One of the oldest franchises in baseball against one of the newest, linked by a single thread – a history of failure.

The Phillies, the losingest team in pro sports history, with only one championship to their name.

The Rays, sad sacks since joining the majors with Arizona in 1998, with the worst record in baseball last year. The Rays capped their turnaround by dethroning the Boston Red Sox 3-1 Sunday night in Game 7 of the AL championship series.

And while Fox TV executives might’ve hoped for something seemingly more attractive – say, Cubs-Red Sox – the likes of former NL MVPs Jimmy Rollins and Ryan Howard, along with B.J. Upton, Shane Victorino, Chase Utley and ALCS MVP Matt Garza certainly give fans a fresh look.

Oh, another theme coming this October: rest vs. rust.
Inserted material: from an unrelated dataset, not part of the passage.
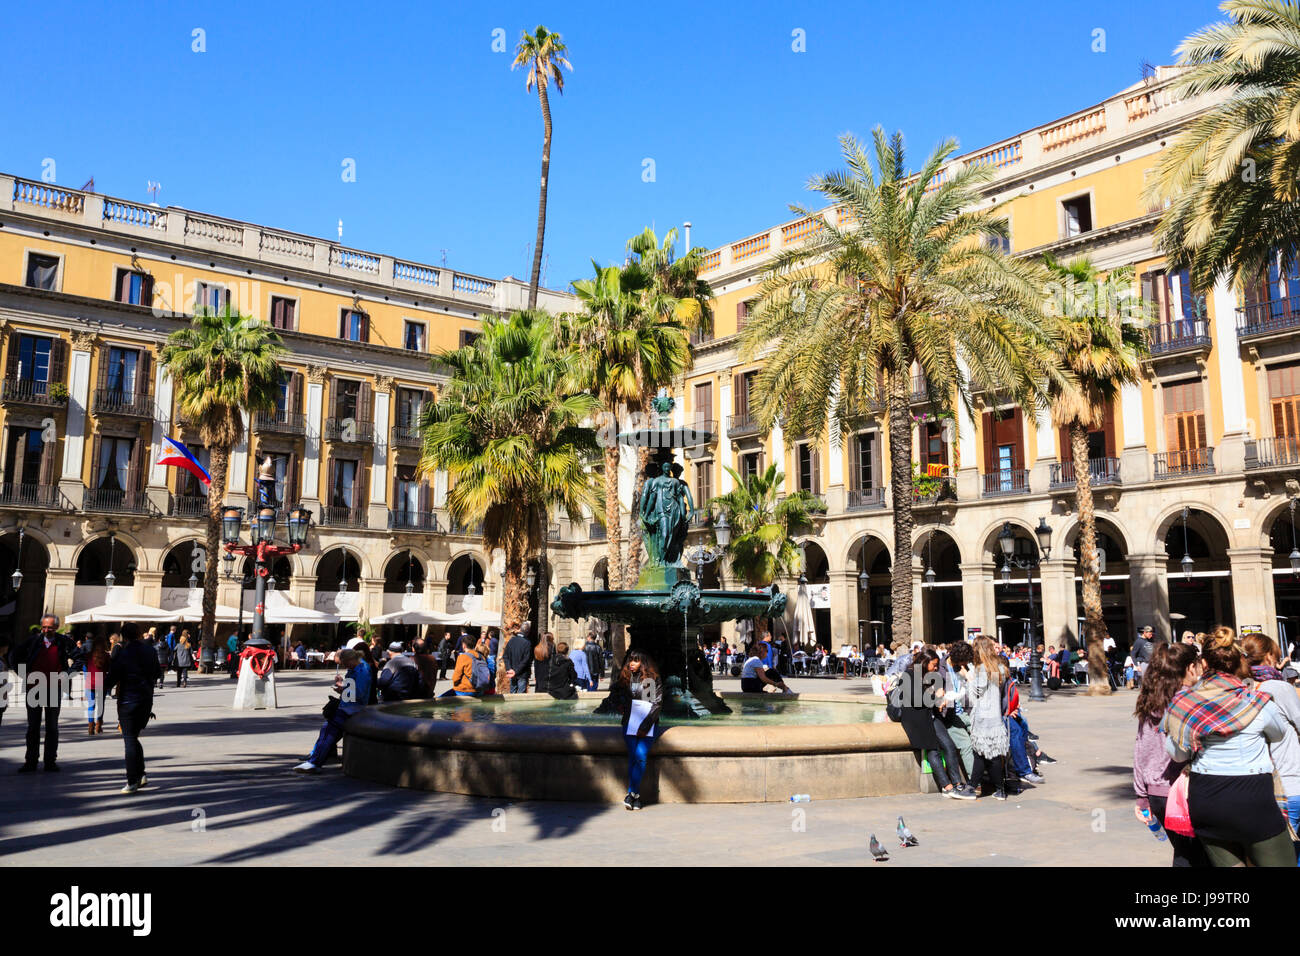 Les touristes s'asseoir sous la fontaine des trois Grâces - beauté,charme et la joie, dans Plaça Reial dans le Barri Gotic de Barcelone, Catalogne, Espagne. Banque D'Images

The Phillies will have been off a week by the time they play the opener.

“Obviously, winning is the silver lining. We would have been happy to do it in four,” Tampa Bay manager Joe Maddon said hours before Game 7.

While Maddon was a coach with the 2002 Angels when they won the World Series, this matchup is full of newcomers. Of all the players involved, the only one with a hit in any previous World Series is Phillies backup outfielder So Taguchi.

Friendly rivals, too. While the teams haven’t met in the regular season since 2006 and Rays reliever Trever Miller is the lone Series player who’s spent time on both sides, the clubs see a lot of each other every spring.

The Phillies have trained in the Tampa Bay town of Clearwater for more than a half-century and maintain a year-round fan base in the area that includes Phils Hall of Famer Robin Roberts.

Maddon grew up in Hazleton, Pa., about 100 miles from Philadelphia, and admits he didn’t root for the Phillies as a kid. Over the past few years, he’s become more of a fan.

“Just seeing them in spring training, my impression of them was that they were more like an American League lineup. I thought their offense – they could pound the ball up and down the lineup – I was really impressed with that,” Maddon said recently.

“I’ve always been a big fan of their MVP guys, but I liked Victorino also. He made a big impression on me in spring training,” he said. “The thing I didn’t know about them is how good their pitching was.”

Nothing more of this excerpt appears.